*TASK MATERIAL*:
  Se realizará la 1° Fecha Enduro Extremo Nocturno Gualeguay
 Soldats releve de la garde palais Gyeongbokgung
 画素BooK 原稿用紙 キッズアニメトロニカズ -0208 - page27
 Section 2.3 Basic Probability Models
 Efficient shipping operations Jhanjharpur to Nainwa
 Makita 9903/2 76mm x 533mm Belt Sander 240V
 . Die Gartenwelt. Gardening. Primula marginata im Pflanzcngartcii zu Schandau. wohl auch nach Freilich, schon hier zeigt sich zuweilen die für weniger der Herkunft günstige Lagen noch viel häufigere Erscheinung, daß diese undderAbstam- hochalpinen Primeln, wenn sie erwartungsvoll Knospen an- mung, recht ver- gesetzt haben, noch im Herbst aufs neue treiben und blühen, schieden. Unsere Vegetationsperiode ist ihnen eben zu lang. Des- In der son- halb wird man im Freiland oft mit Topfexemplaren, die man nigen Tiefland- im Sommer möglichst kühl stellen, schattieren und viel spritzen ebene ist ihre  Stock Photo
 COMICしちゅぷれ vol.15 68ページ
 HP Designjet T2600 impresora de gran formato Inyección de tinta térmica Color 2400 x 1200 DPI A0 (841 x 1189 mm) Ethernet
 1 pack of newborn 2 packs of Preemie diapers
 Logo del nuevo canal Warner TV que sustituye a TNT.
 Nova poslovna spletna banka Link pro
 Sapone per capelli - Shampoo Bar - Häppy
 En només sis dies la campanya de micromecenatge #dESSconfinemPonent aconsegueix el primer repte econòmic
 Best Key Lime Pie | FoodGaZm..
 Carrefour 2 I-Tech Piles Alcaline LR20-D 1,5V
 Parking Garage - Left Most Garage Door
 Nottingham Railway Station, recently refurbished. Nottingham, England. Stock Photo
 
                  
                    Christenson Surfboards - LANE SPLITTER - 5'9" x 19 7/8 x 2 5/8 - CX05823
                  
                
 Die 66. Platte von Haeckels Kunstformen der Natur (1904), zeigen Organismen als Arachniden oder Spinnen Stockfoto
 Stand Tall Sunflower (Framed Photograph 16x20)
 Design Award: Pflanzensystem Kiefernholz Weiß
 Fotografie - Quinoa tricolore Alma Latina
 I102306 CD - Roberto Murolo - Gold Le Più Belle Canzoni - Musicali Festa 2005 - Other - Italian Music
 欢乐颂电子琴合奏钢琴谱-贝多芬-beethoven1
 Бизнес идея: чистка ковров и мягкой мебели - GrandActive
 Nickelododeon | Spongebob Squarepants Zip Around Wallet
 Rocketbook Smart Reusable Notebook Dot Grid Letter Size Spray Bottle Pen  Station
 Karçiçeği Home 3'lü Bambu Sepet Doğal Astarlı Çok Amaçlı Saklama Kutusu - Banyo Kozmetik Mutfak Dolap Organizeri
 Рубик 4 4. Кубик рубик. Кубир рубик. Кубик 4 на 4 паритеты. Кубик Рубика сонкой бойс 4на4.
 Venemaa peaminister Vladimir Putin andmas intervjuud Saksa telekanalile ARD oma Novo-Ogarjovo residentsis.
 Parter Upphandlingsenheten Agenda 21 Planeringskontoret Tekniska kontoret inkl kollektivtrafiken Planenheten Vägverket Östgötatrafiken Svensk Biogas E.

*ABOUT THIS TASK*:
Please copy out each line of the material that holds the string "Station".

*OUTPUT BELOW*:
 Nottingham Railway Station, recently refurbished. Nottingham, England. Stock Photo
 Rocketbook Smart Reusable Notebook Dot Grid Letter Size Spray Bottle Pen  Station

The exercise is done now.